Шрифт:
Интервал:
Закладка:
— Это как же? — заволновались разгоряченные ожиданием боя казаки.
— А вот так же! Отходи на струги.
— Да ты чо! Мы счас на стены взойдем...
— И что от нас останется? Мы сюды зачем шли? Крепости брать? — загремел, как в былые времена, грозный Ермак. — Мы караван бухарский ищем!
— Куды он денется, караван этот!
— Да может, уже делся! Кучум-то пока еще не помер! И Карача жив. А там и Сеид-хан караваном не побрезгует! Мы, главно дело, почему взять-то эту немудрую крепостицу не можем — пороха нет! Порохом эти стены рвать надо! Казань-город так брали! А где он у нас, порох, — на два выстрела у каждого, а то и на один! Вот встретим караван — он нам как раз селитру везет! Наберем пороха — тогда и возьмем Кулары...
Казаки нехотя побрели к стругам.
— Смотри, Тимофеич! — сказал Гаврила Иванов. — Как бы нам отступления эта боком не вышла. Первый ведь раз за спиной невзятую крепость оставляем!
— А Пелым? — сказал Ермак. — Пелым тоже не взяли!
— Пелым на краю похода был. Мы против него лицом стояли и стоим, а Кулары за спиной оказываются!
— Надо бы взять! — вздохнул Мещеряк.
— Взять? А кем? Где у нас казаки? Тут их с тысячу надобно, да с боем огненным, да с припасом пороховым, да с харчами, тогда и осаждать, и штурмовать можно. А у нас припасу — нет, казаков — нет. Вон на мысу положили пять человек за здорово живешь! Пока подмоги из Москвы нет — воевать надо осторожно, людей в трату не давать.
— По уму-то, — сказал Мещеряк, — надо назад поворотить! И не искать караван этот. Его и нет, может, вовсе!
— А ежели есть?
— Да у нас ни пороха, ни пуль. У меня на струг два заряда осталось! — закричал Мещеряк.
— У меня и того меньше, — вздохнул Ильин.
— Так ведь в караване-то как раз припас и всякая снасть для огненного боя есть! Тамо и пополнимся! — азартно сказал Ермак. — А так, с чем возвращаться?

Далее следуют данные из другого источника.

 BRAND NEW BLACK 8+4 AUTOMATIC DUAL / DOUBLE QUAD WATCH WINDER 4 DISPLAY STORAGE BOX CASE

А ну как и в этот год подмоги не будет? Чем обороняться станем?
— Да нам уж и сейчас нечем! — чуть не плача, взялся доказывать свое Иванов. — На мысу через чего людей пятерых потеряли? Боевой припас на струге весь вышел! И болты, и стрелы — на счет...
— Да что вы, братцы! Неужто без ясака, без припасу возвращаться? Ведь сейчас столько муки выдержали, против течения выгребаючи! Тута ведь каждый день нам на руку.

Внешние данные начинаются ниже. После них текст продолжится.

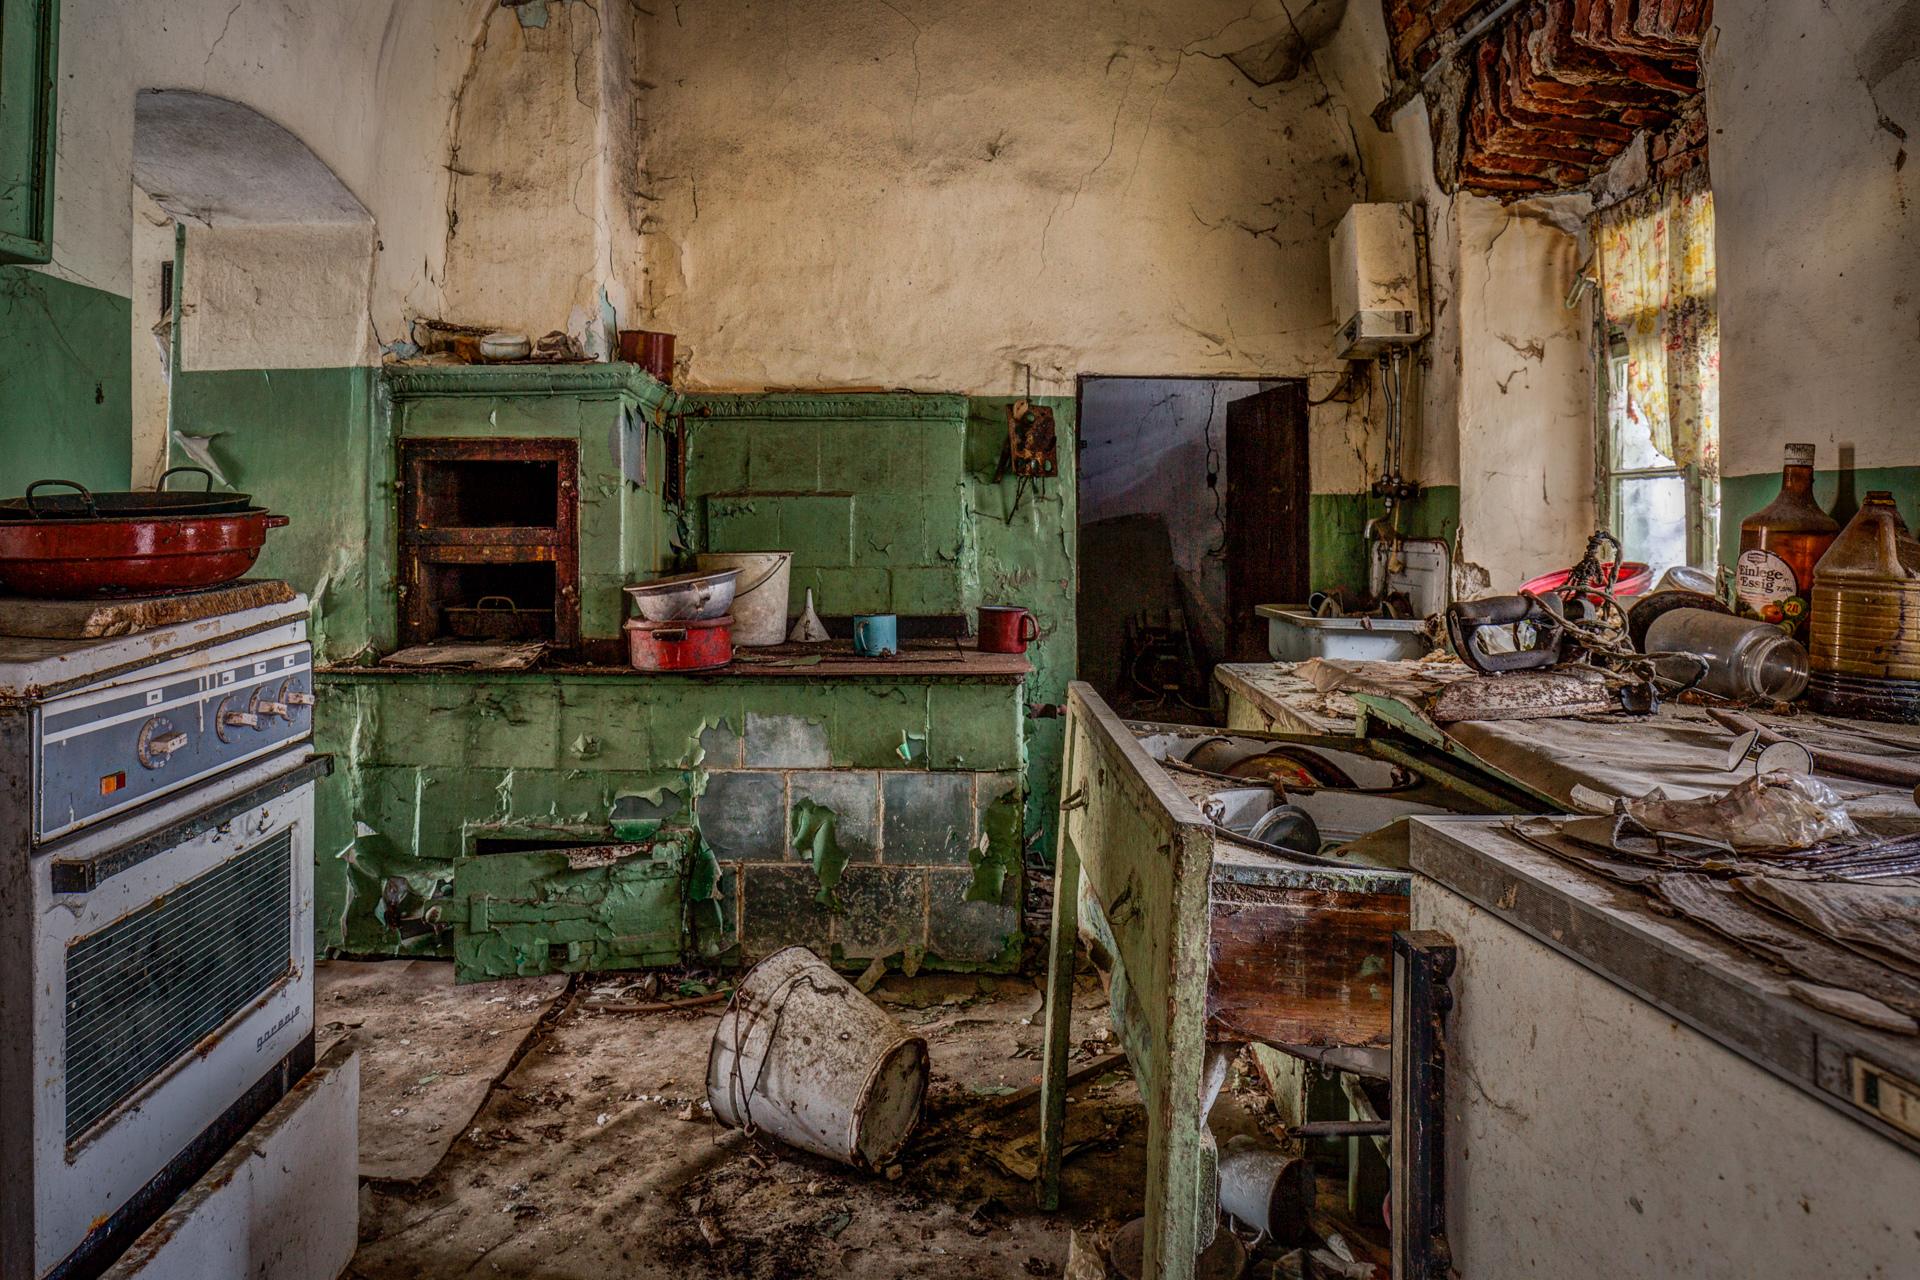 Urban Exploration - Farmhouse Bed and Breakfast - Redundancy

Но казаки хмурились, отводили глаза. Ермак хотел объяснить, что пока что не выполнена видимая цель.
В походе на Демьянку двенадцать родов остяцких к шерсти привели, в Пелымском походе от Аблыгерима обезопасились. И в иных походах был результат. А здесь — каравана покамест не встретили, татарского гнездовища не достигли. А оно где-то поблизости!
— Да с чем нам в это гнездовище приступати! — говорил Иванов. — Дался табе караван этот!
— Ладно! — сказал Ермак. — Будь по-вашему — гребем наверх еще три дня, и возвращаемся. И ежели каравана не встренем — снимаем казаков из Кашлыка и Печорским ходом идем на Русь. Иначе до морозов не успеть.
— Ну уж прямо и на Русь... — сказал Мещеряк. — Может, подмога пришла.
— Эй! Об этом и не мечтаем! — вздохнул Ильин.
На том и порешили. И опять медленно поползли
мимо берега. Леса да прогалины. Редко-редко две-три юрты или избушки на берегу.
Иртыш петлял меж берегов, прятался за мысами, и за каждым мысом могло ждать войско. Казаки были уверены, что смогут уйти от любого противника. Течение было быстрое, река — широкая, а сплавляться предстояло вниз по течению.
В конце третьего дня выплыли к устью Шип-реки. С переднего струга отсигналили: «Много юрт». И пошли назад.
— Чего там? — спросил Ермак, когда ертаульный струг поравнялся с его стругом.
— Юрт сто! Да что сто — двести!
— Да ты что? Вот это — влетели...
Струги отвели за мыс. И Ермак с пятью крепкими казаками пошел в подзор. Они залегли в кустах, поблизости от огромного кочевья, чтобы высмотреть — сколько чего и как этот юрт брать.
Но странным показалось атаману это поселение. Во многих юртах на ночь не гасили огня. Не было видно ребятишек. И странный запах гниющего мяса и еще какой-то тяжелый, смрадный, доносил из поселения ветер.
— Чего это вонища-то такая идет? — спросил лежащий рядом Сарын.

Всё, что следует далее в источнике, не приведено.